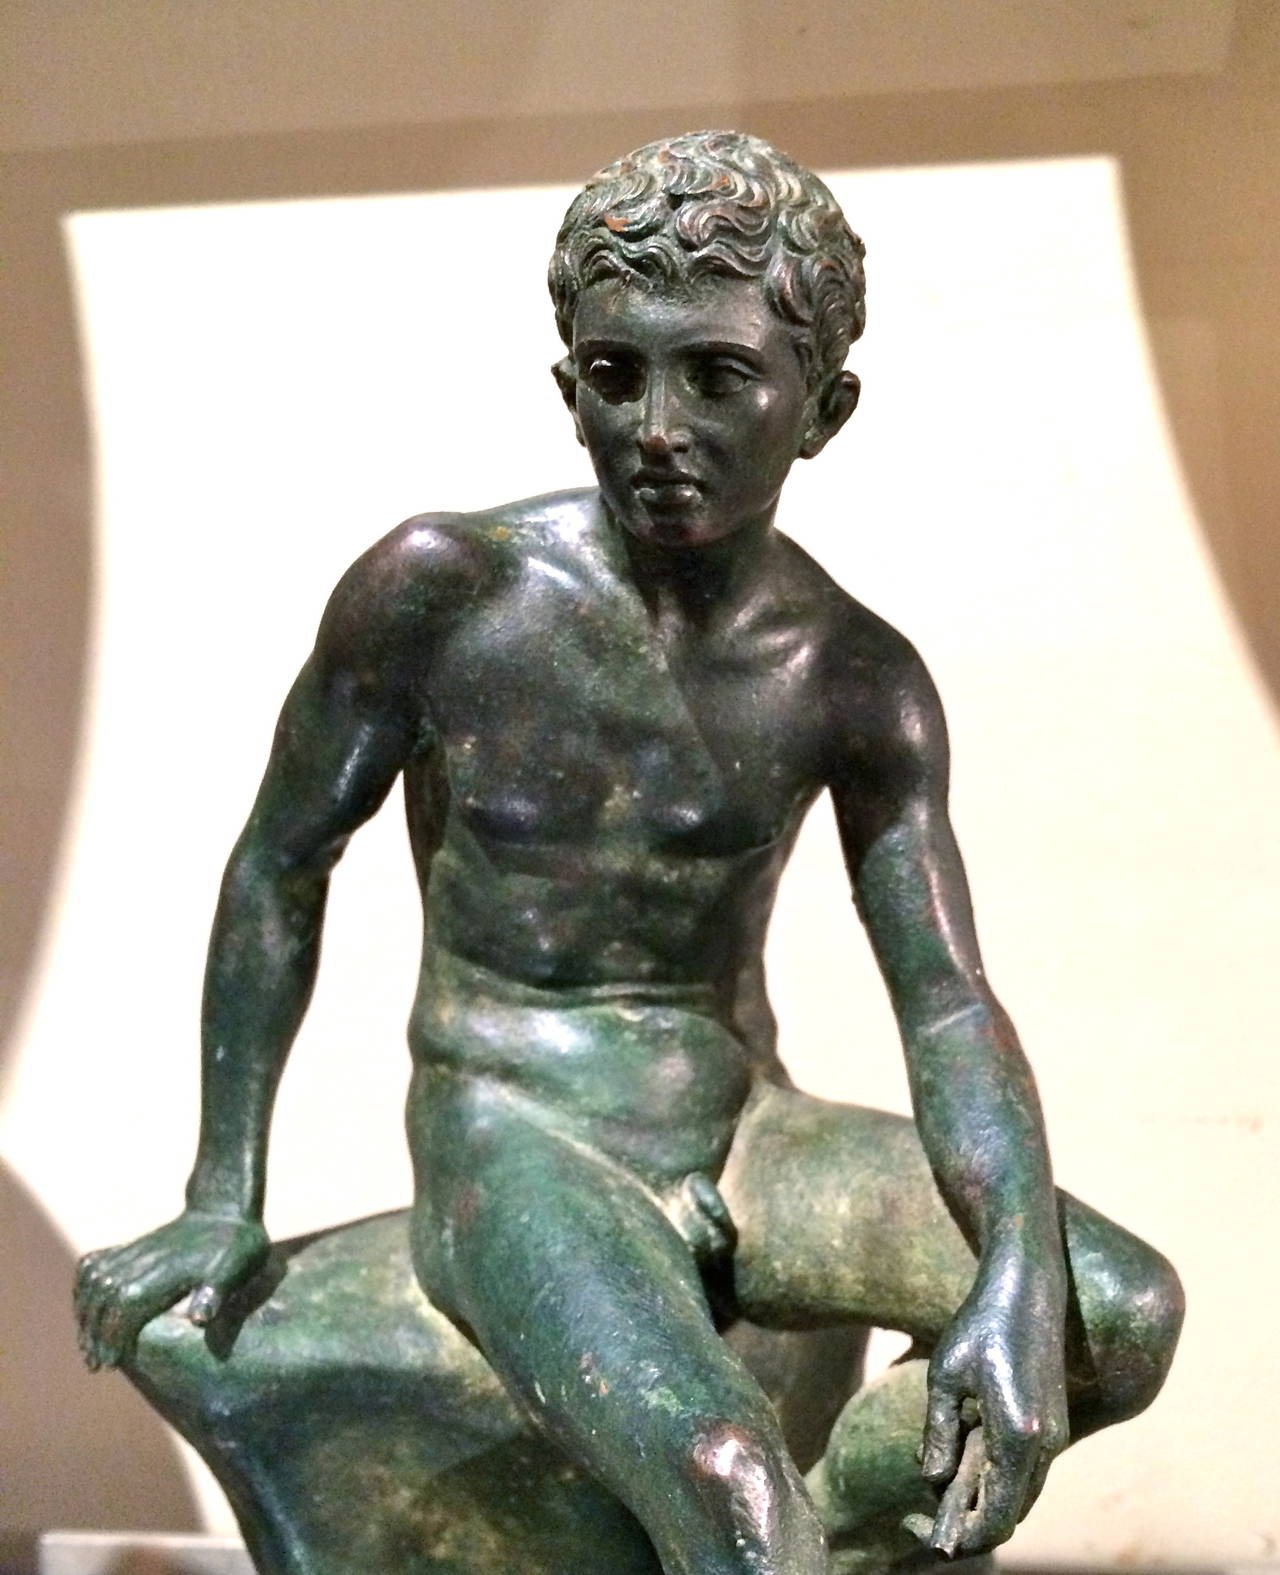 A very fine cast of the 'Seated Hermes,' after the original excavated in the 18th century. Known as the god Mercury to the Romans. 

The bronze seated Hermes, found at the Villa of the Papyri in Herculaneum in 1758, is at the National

○ ○ ○

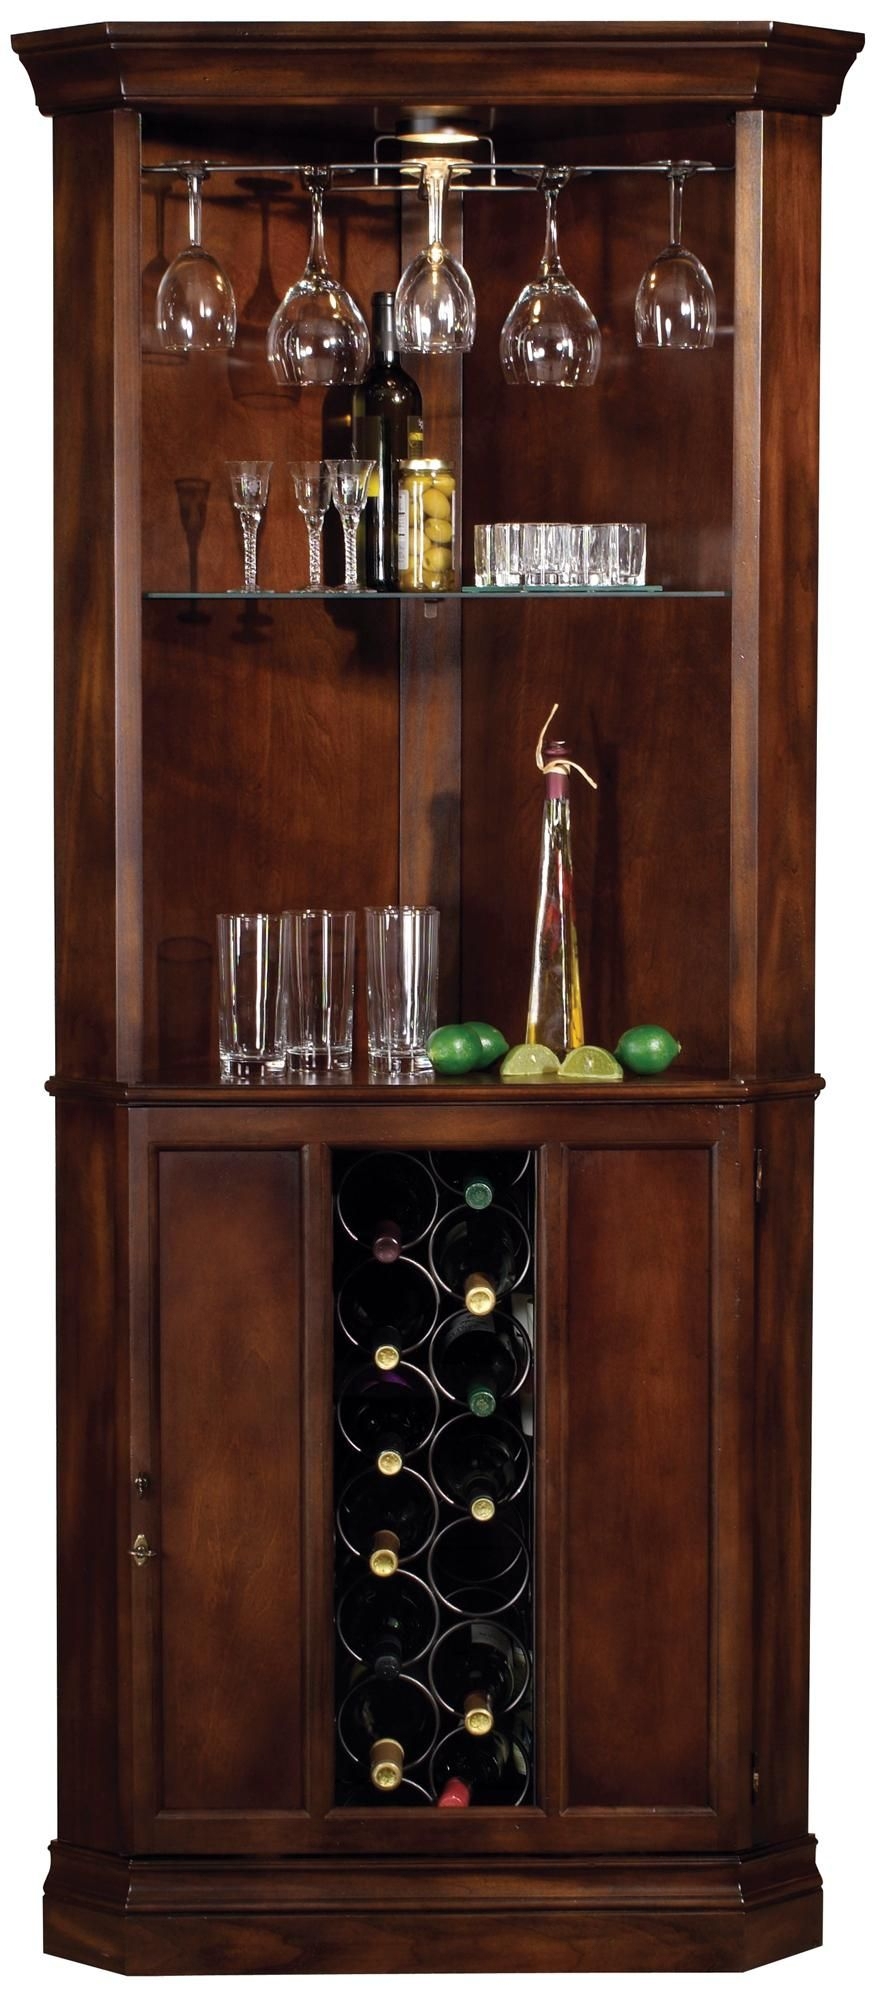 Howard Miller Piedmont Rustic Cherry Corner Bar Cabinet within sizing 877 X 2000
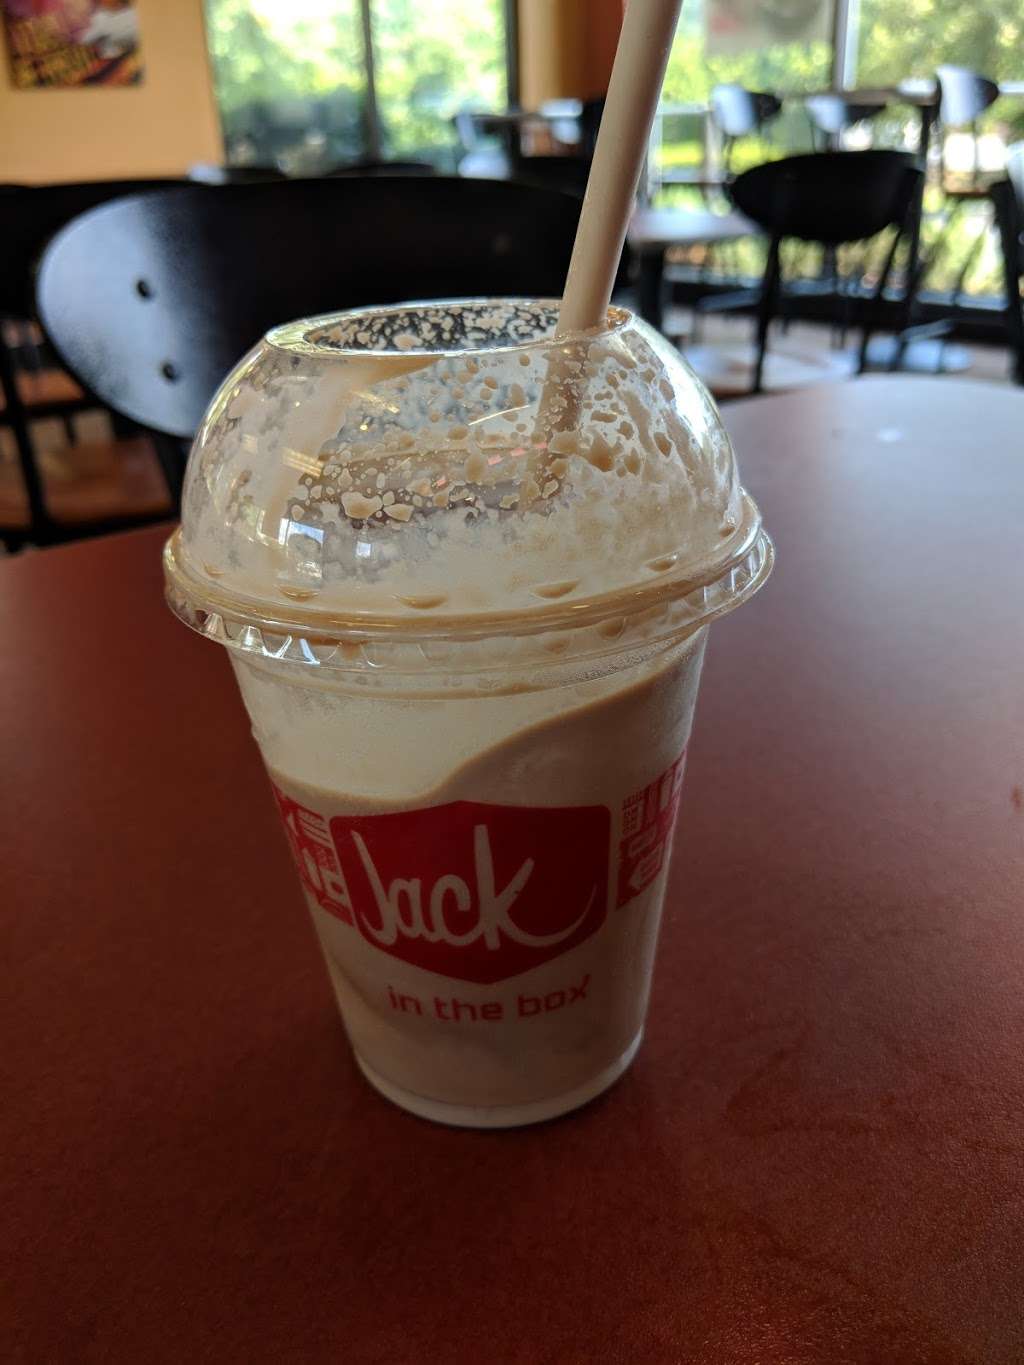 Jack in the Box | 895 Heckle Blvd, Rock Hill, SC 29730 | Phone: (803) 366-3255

○ ○ ○

◆ **Task to carry out**
The expected output is the lines above from the one containing "A very fine" to the one containing "The bronze seated", both ends included, reproduced exactly with every picture left out.

◆ **Reply to the task**
 A very fine cast of the 'Seated Hermes,' after the original excavated in the 18th century. Known as the god Mercury to the Romans. 

The bronze seated Hermes, found at the Villa of the Papyri in Herculaneum in 1758, is at the National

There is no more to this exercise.